At the end of the 1980s, Orozco set up the Taller de los viernes or Friday workshop which participates in the training of innovative artists. Among them, Damián Ortega or Abraham Cruzvillegas who recently exhibited at the Carré d’Art in Nîmes. Subsequently, artists shunned by institutions undertake to set up independent spaces. The first, since closed, was the Panadería, by Yoshua Okón and Miguel Calderón.
The next generation includes Minerva Cuevas, Tania Pérez Córdova, Mario García Torres, or even Martin Soto Climent, all present on the international scene.
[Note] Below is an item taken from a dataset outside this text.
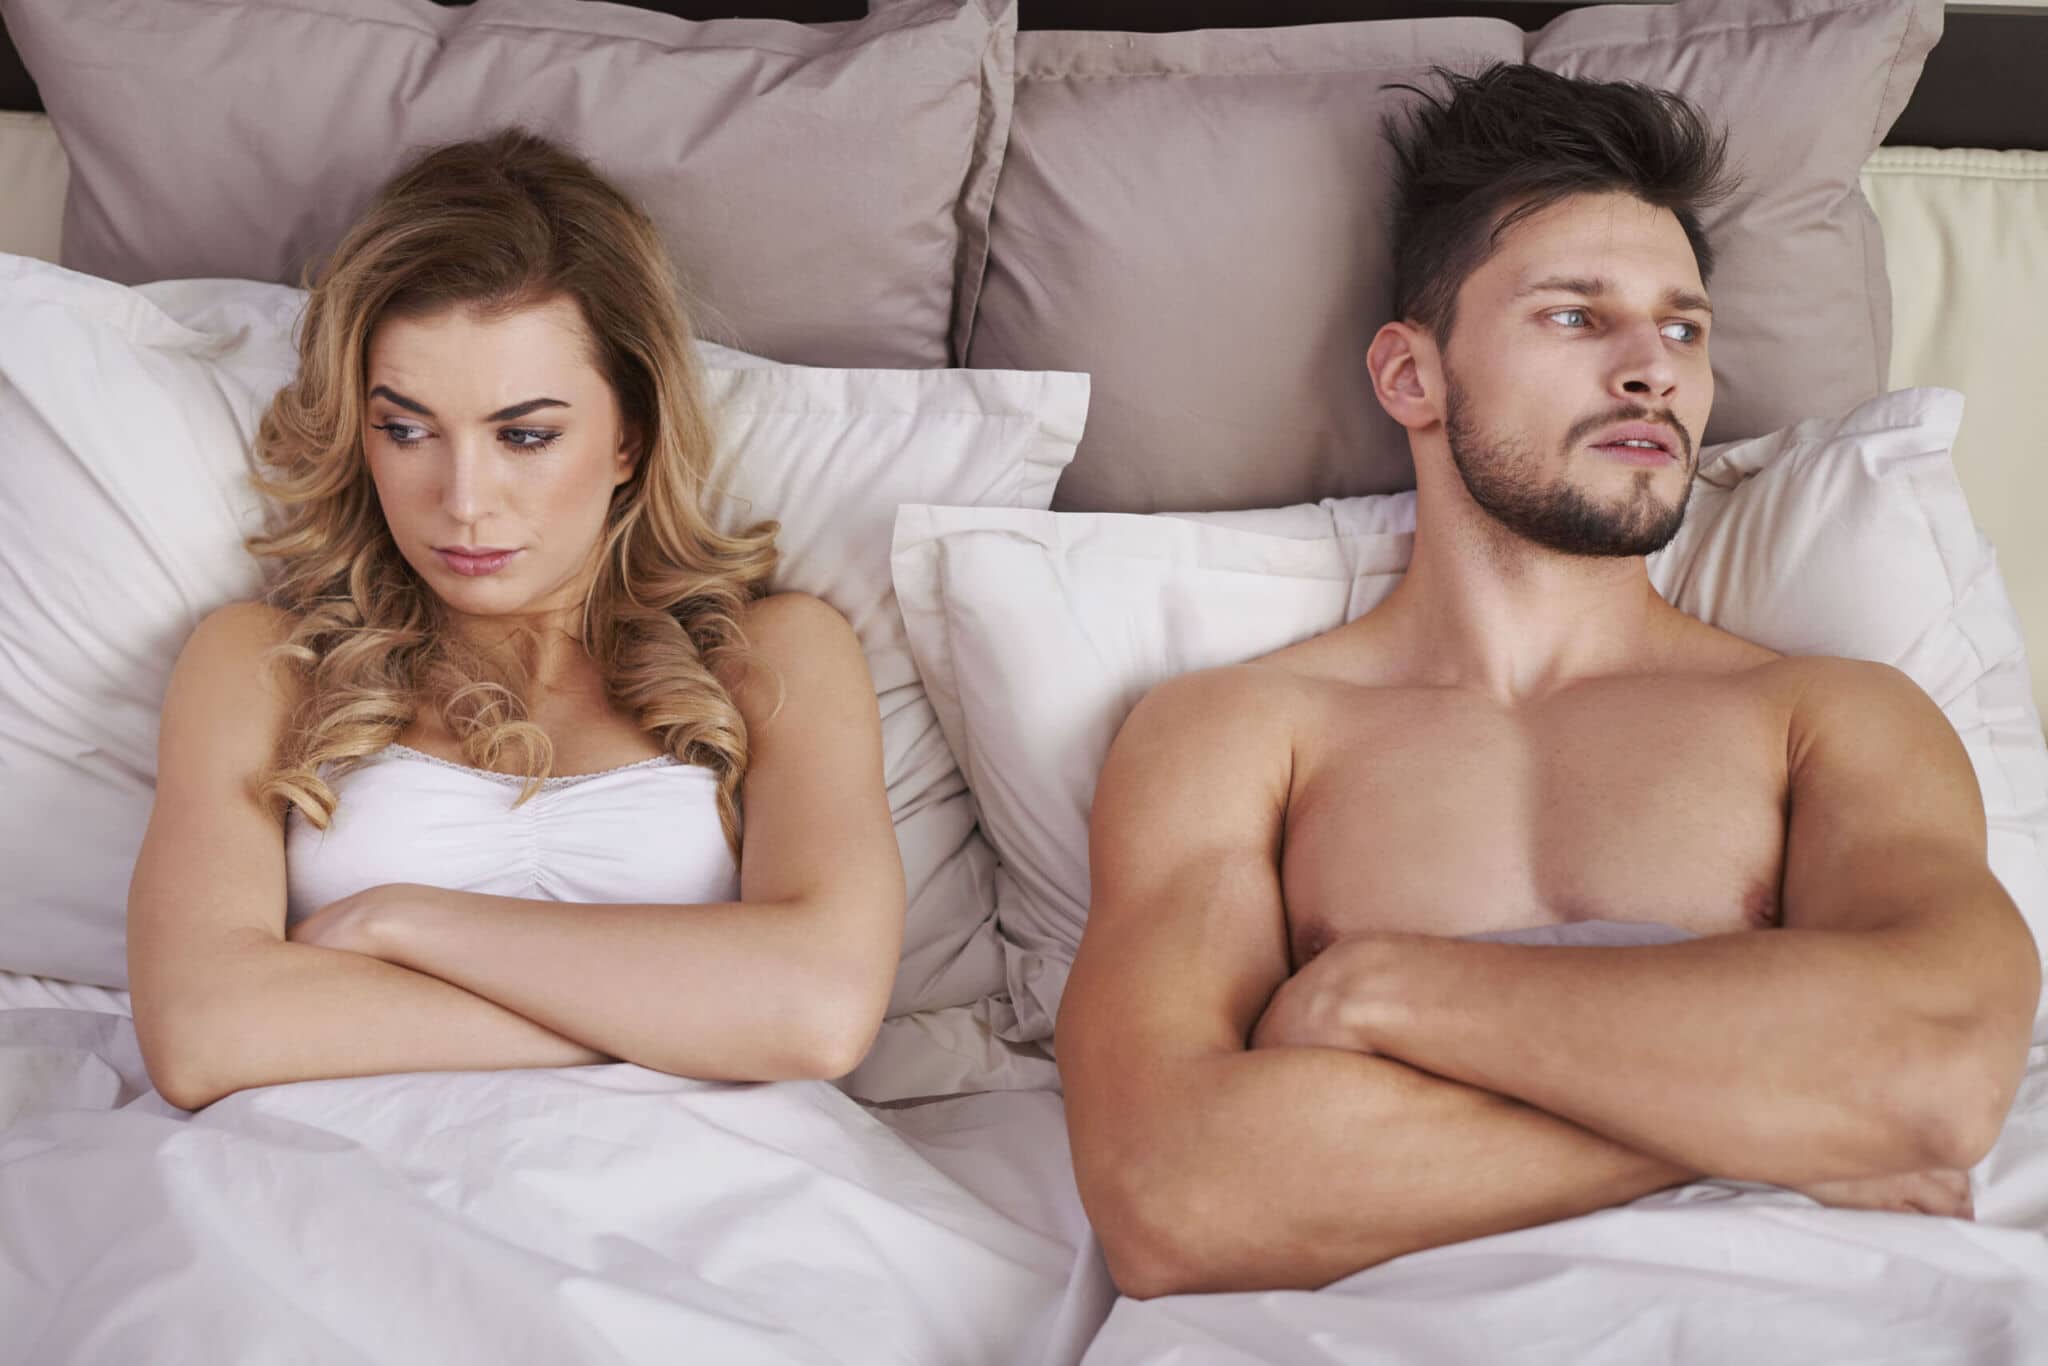 Men's 4 Most Common Questions About Sex

Little by little, the contemporary art market is changing and is seeing the emergence of Mexican collectors.
Among the art galleries that set the tone, Kurimanzutto was born in Mexico City in 1999 under the impetus of Orozco. Held by the couple José Kuri and Mónica Manzutto, it began by representing artists from Taller de los viernes. A mixture of recognized artists and typically local dynamism.
In addition to galleries, fairs, private museums and alternative places are multiplying these days. the Jumex, the Zona Maco fair which brings together the cream of galleries, Proyectos Monclova and Labor. The young Parque Galería was set up by two thirtysomethings eager to make artists who had no voice in the matter heard: their star artist Yoshua Okónmais but also Allen Ruppersberg or Didier Faustino. The Bikini Wax collective symbolizes the tremendous energy that makes Mexico City an epicenter of the visual arts. Since 2013, the space directed by Cristóbal Gracia has invited artists from all over to take over the premises. The goal? Show art differently. Because in Mexico, all styles flourish!